◆ **Directions for this task**: Pictures in the listing should not be copied. Reproduce, word for word, each line from the one holding "Neue Justiz (NJ), Zeitschrift" through the final line.

◆ **Data excerpt**:
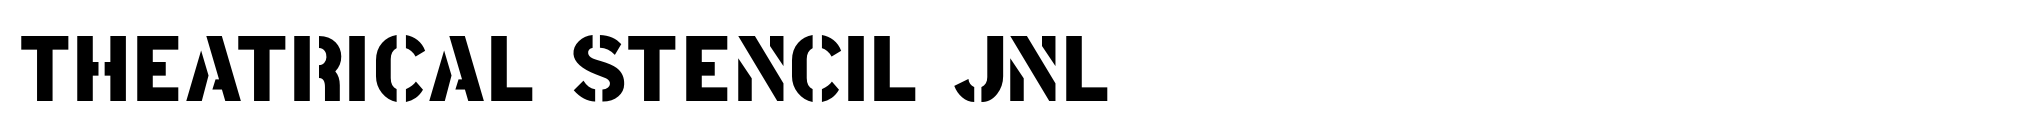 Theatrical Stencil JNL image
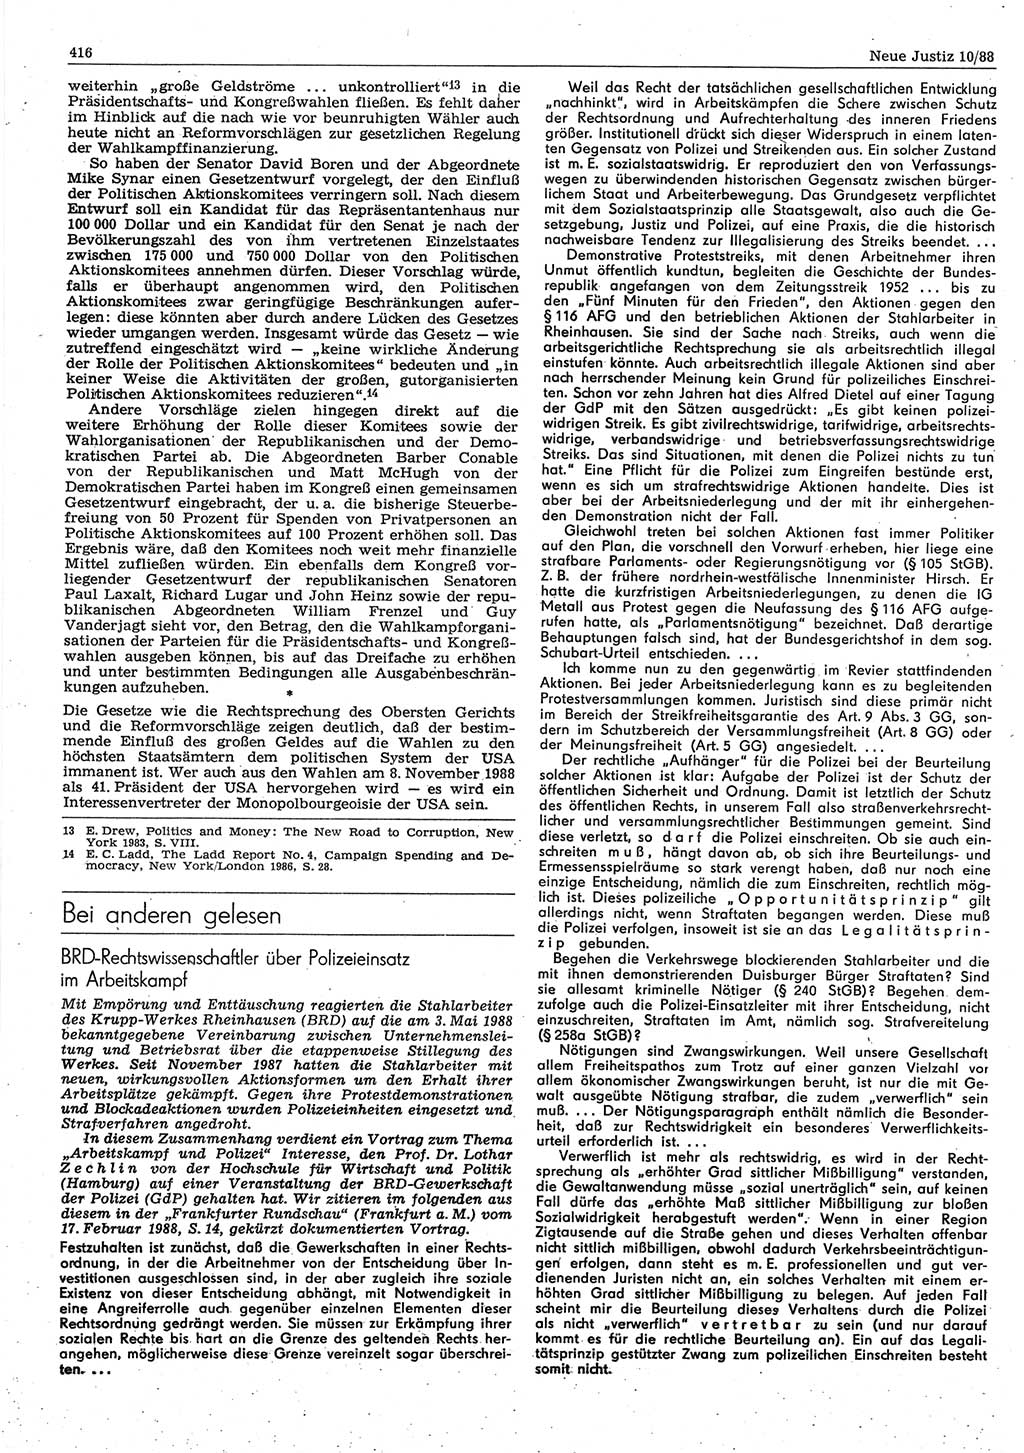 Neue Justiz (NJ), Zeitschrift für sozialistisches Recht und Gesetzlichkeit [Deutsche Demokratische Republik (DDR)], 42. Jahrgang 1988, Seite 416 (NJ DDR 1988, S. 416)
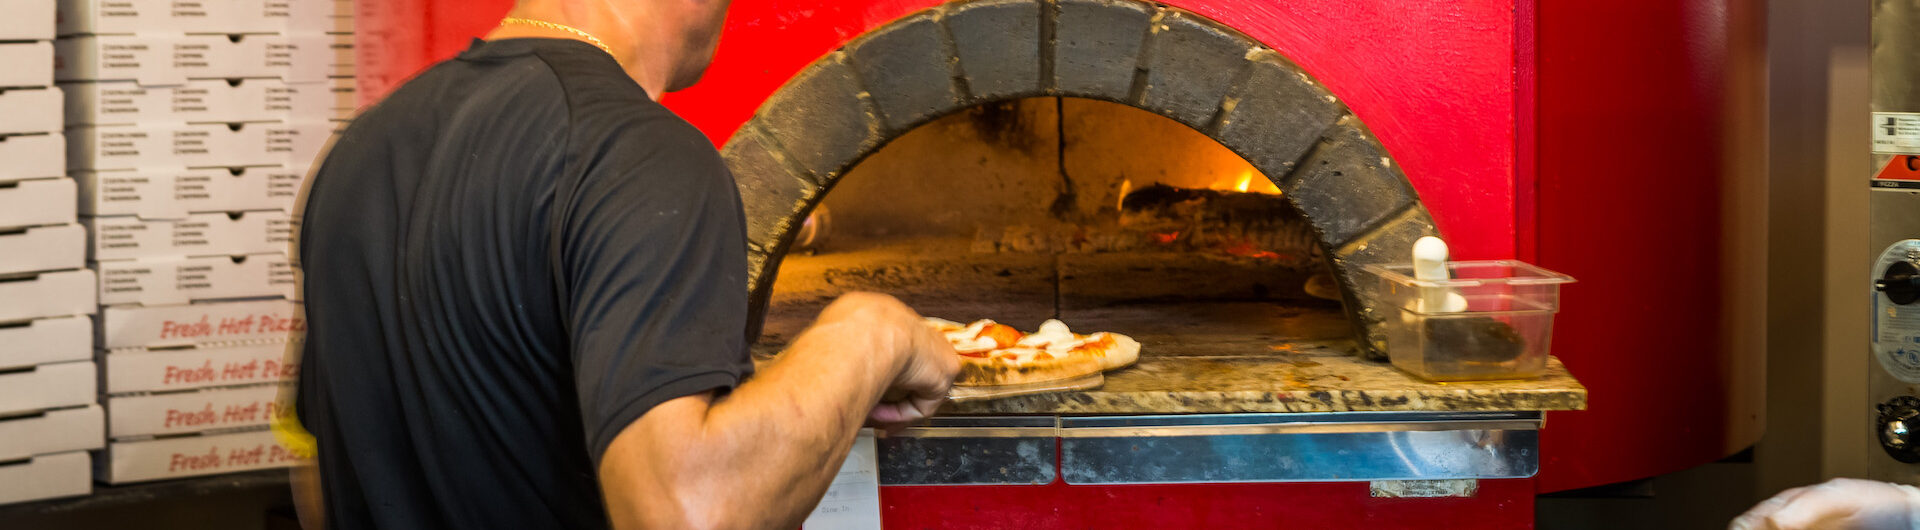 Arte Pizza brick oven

◆ **Written answer**:
 Neue Justiz (NJ), Zeitschrift für sozialistisches Recht und Gesetzlichkeit [Deutsche Demokratische Republik (DDR)], 42. Jahrgang 1988, Seite 416 (NJ DDR 1988, S. 416)
 Arte Pizza brick oven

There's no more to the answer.